We may as well install/update the core packages that we will use in the coming days. Lets try to run the following (We would be surprised if this works for everybody in the first go):

install.packages("tidyverse")

This will install among other things the core tidyverse packages:

  • ggplot2, for data visualization.
  • dplyr, for data manipulation.
  • tidyr, for data tidying.
  • readr, for data import.
  • purrr, for functional programming.
  • tibble, for “tibbles”, a modern re-imagining of data frames.
  • stringr, for strings
  • forcats, for factors
  • lubridate, for date/times

library(tidyverse) will load these core tidyverse packages.

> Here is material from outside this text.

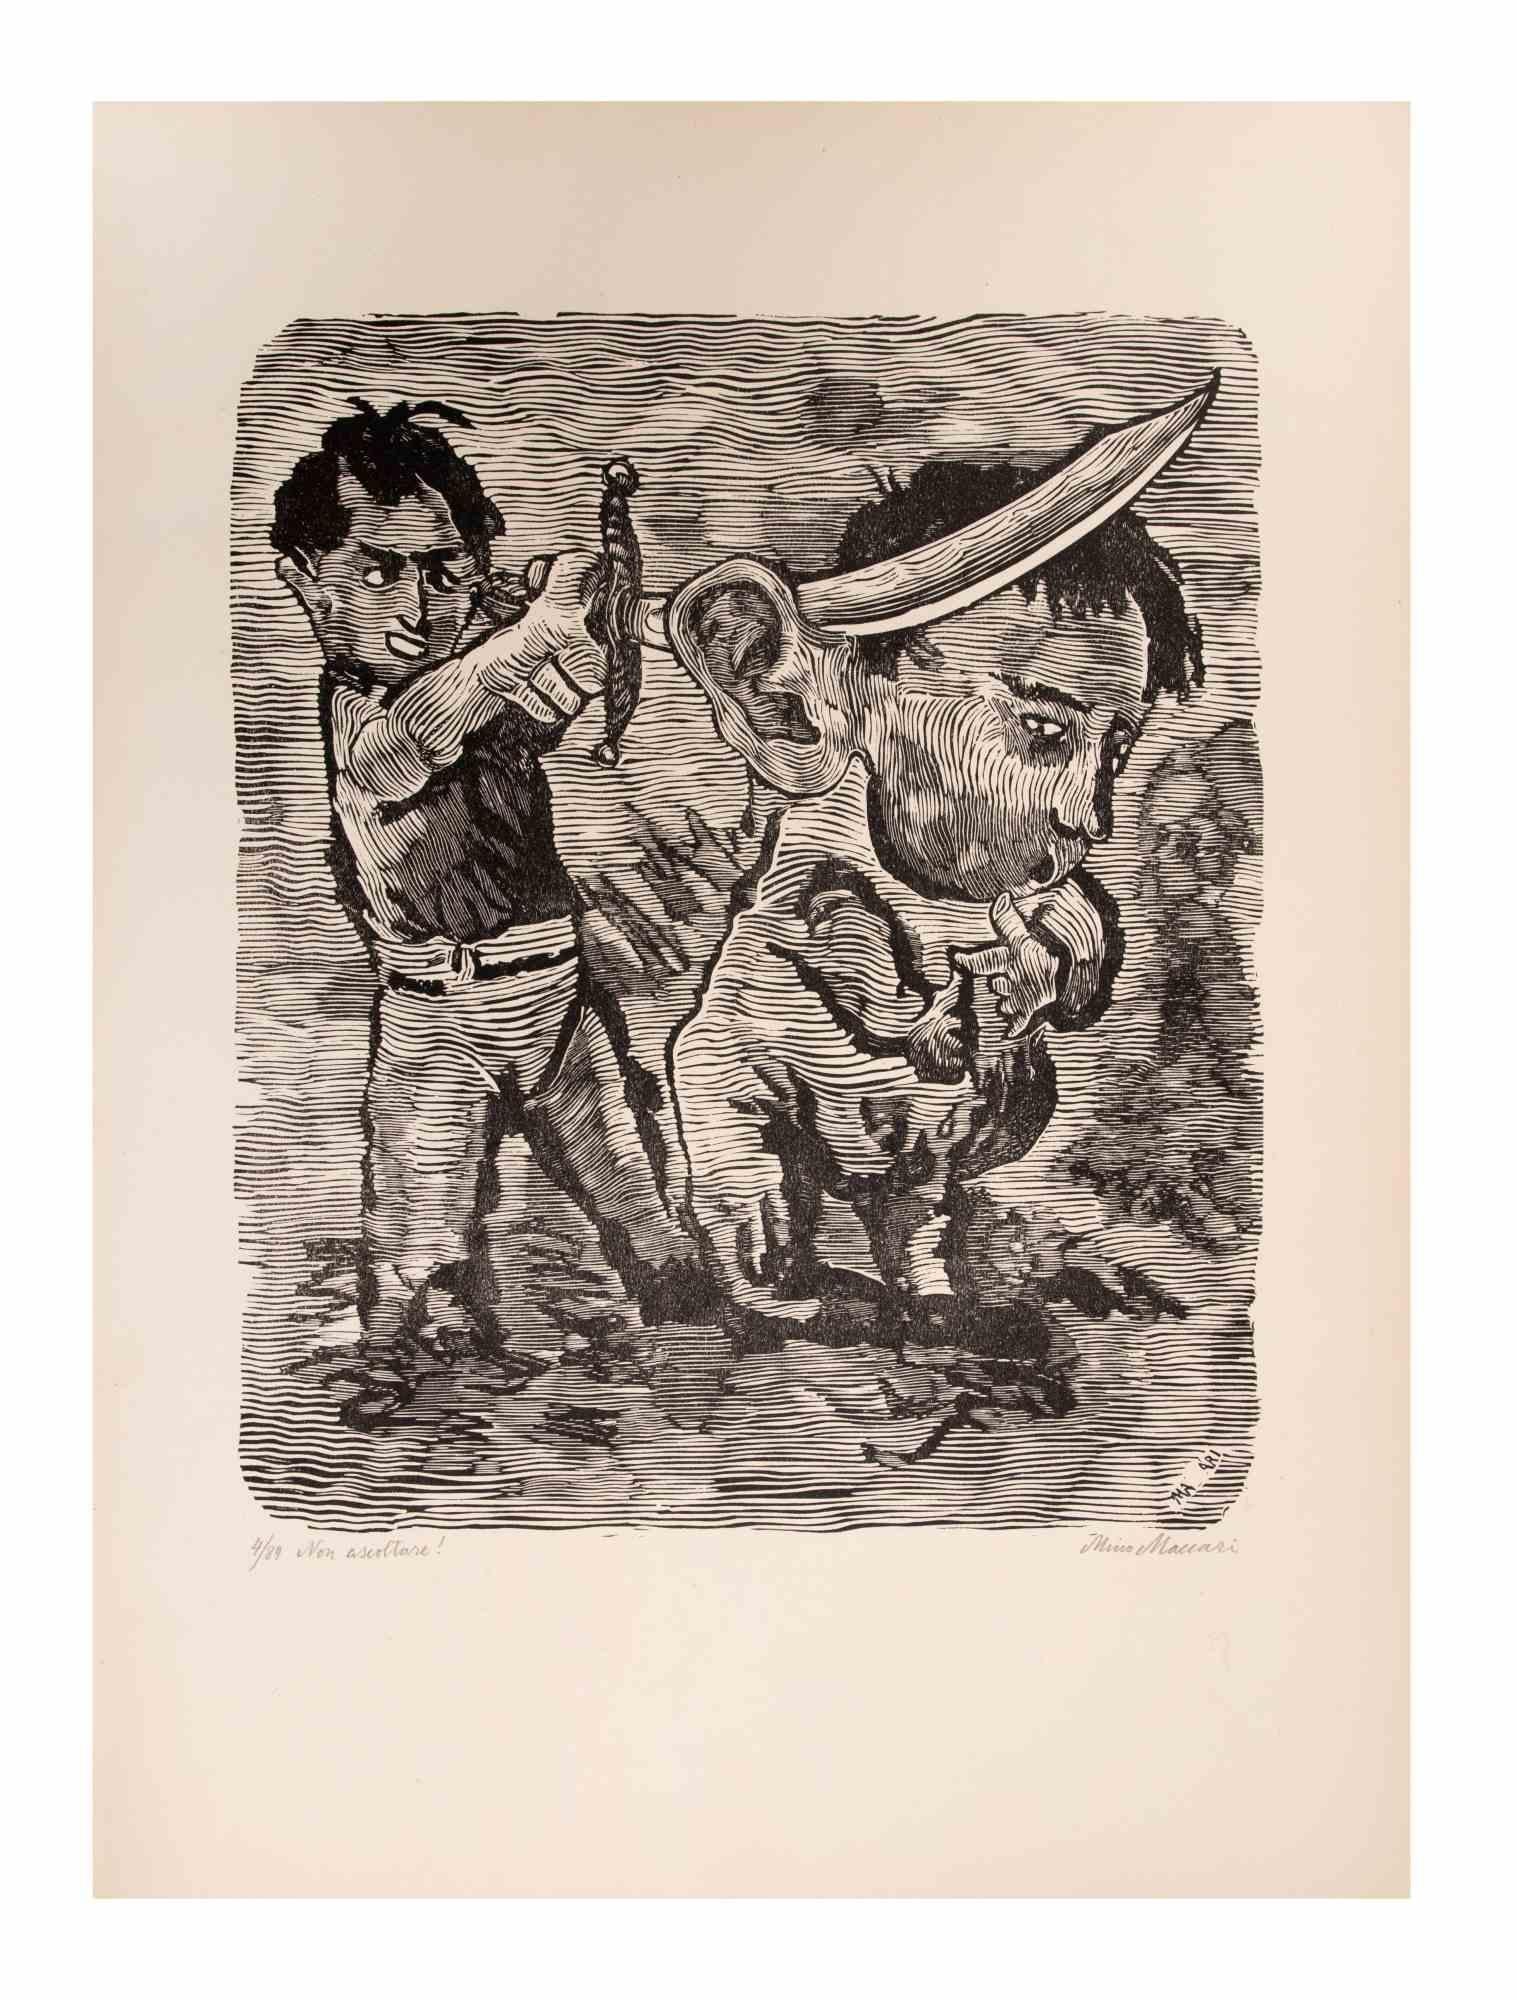 N'écoutez pas ! (Non ascoltare !) est une œuvre d'art réalisée par Mino Maccari (1924-1989) au milieu du XXe siècle.

Gravure sur bois B./W. sur papier. Signé à la main dans la partie inférieure, numéroté 4/89 exemplaires et titré dans la marge

Additional packages will be install as we progress through the course.

Our first real project

Exercise: Catch by country
  1. Open R-studio and create a new project: File -> New project … -> New directory –> Empty project –> …
  2. Create a new R script: File -> New file -> R Script
  3. Copy this to the script (if you are new to R this code is latin to you - do not worry, we will cover the details of it at a later stage).
library(tidyverse)
fao <- read_csv("https://heima.hafro.is/~einarhj/data/fao-capture-statistics_area31.csv")
my_country <- "Barbados"      # replace with your country name (see option list below)
fao |> 
  filter(country %in% my_country) |> 
  ggplot(aes(year, catch)) +
  geom_col()

The country names options are:

Anguilla
Belize
Barbados
British Virgin Islands
Dominica
Grenada
Guyana
Jamaica
Saint Kitts and Nevis
Saint Lucia
Saint Vincent/Grenadines"
Suriname
Trinidad and Tobago
Turks and Caicos Is.
  1. Save the script, e.g. “fao.R”: File -> Save
  2. Pass the script to the Console by putting the cursor on the code line in the first line and press ctrl-enter is succession (or press the green “Run”-button).

If you are interested to know more about the data and how it was obtained check the Data section.

The course material

The course material is open source, meaning that the source code is made freely available and may be redistributed and modified.

The material is largely based on the works of R for Data Science (2e)

Readings

Three books that we recommend you start off with:

Disclaimer: Although Rmarkdown will remain available, new features will not be add because the author realized the base of the platform has limitation. This markdown system is called quarto. Since this platform is only 4 months old it was not presented in this course.